Senat z łatwością pokonał próg 60 głosów wymagany do przyspieszenia procedowania ustawy. Za wnioskiem o ograniczenie debaty głosowało 80 senatorów (48 Demokratów i 32 Republikanów), a przeciwko - 19 (17 Republikanów, dwóch Demokratów). Wynik sugeruje, że pakiet zostanie przyjęty przeważającą większością głosów, większą niż w lutym, kiedy Senat poparł inną wersję pakietu. Wtedy głosowało za nim 70 senatorów.

Francuska firma PGA, należąca do amerykańskiego koncernu Astronics, wbrew sankcjom, serwisuje samoloty rosyjskich VIP-ów - w tym Władimira Putina, Siergieja Szojgu - a także Federalnej Służby Bezpieczeństwa - informuje francuski dziennik "Le Parisien", powołując się na jednego z byłych wysokich menedżerów firmy.

Kolejny alert w Ukrainie.

Obraz
© alerts.in.ua

Jak informuje "Forbes", powołując się na doniesienia kanału MASH na Telegramie, Ukraińcy atakują Rosję już nie tylko dronami. Używają też zmodyfikowanych balonów pogodowych z podczepionymi pociskami moździerzowymi.

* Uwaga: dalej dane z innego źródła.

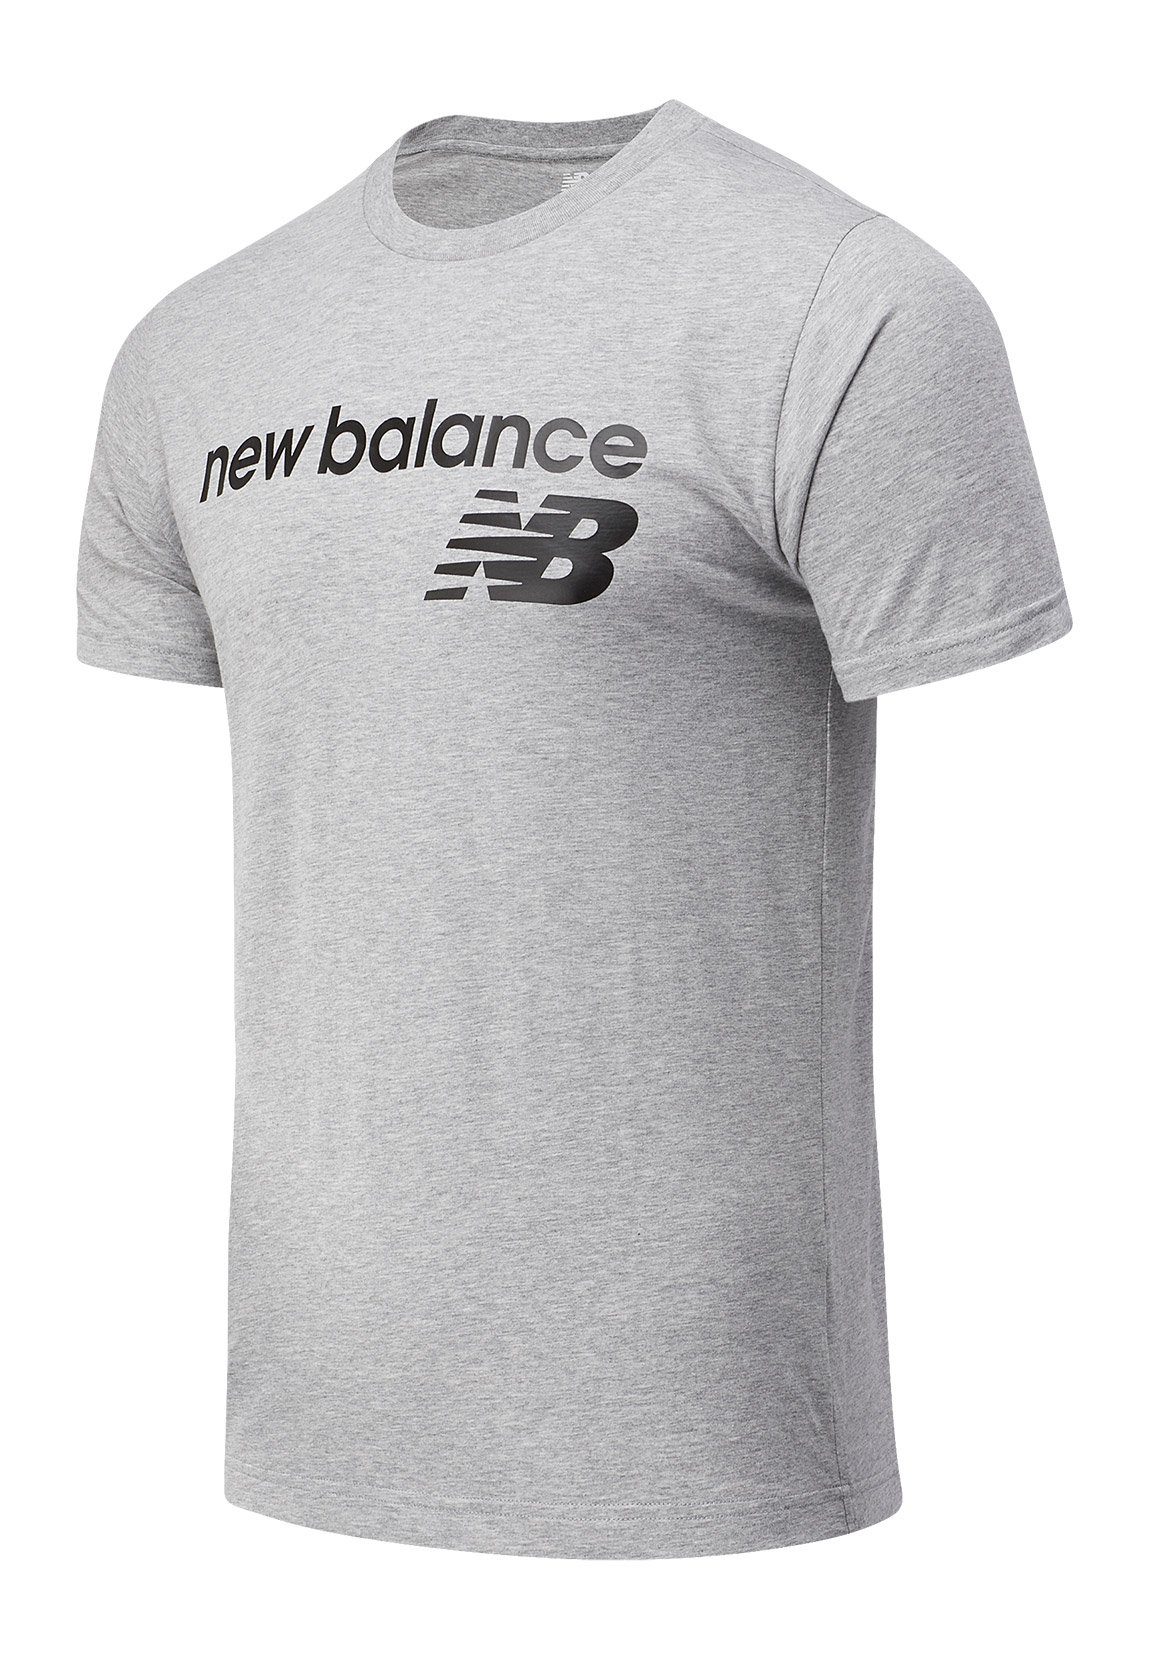 Athletic AG ATHLGREY TEE CORE Balance T-Shirt MT03905 T-Shirt CLASSIC Grey Balance Gau LOGO New New

Balony te mogą pokonywać duże odległości i skutecznie atakować wybrane cele. Co więcej, takie balony są też w stanie odwracać uwagę przeciwnika od wysyłanych do ataku dronów czy pocisków. Ukraińcy montują na nich bowiem reflektory radarowe - urządzenia służące do poprawienia widoczności obiektu przez radar.

Wyposażony w taki reflektor balon staje się natychmiast celem ataku. By go zestrzelić, Rosjanie zmuszeni są wystrzelić drogie rakiety - informuje "Forbes".

Pentagon jest gotowy do wysłania Ukrainie nowej transzy uzbrojenia o wartości 1 miliarda dolarów tuż po podpisaniu przez prezydenta ustawy o wsparciu Ukrainy i innych sojuszników Ameryki - podała we wtorek agencja AP. W skład pakietu mają wejść m.in. rakiety obrony powietrznej i amunicja artyleryjska. Wcześniej podobną informację przekazała agencja Reuters.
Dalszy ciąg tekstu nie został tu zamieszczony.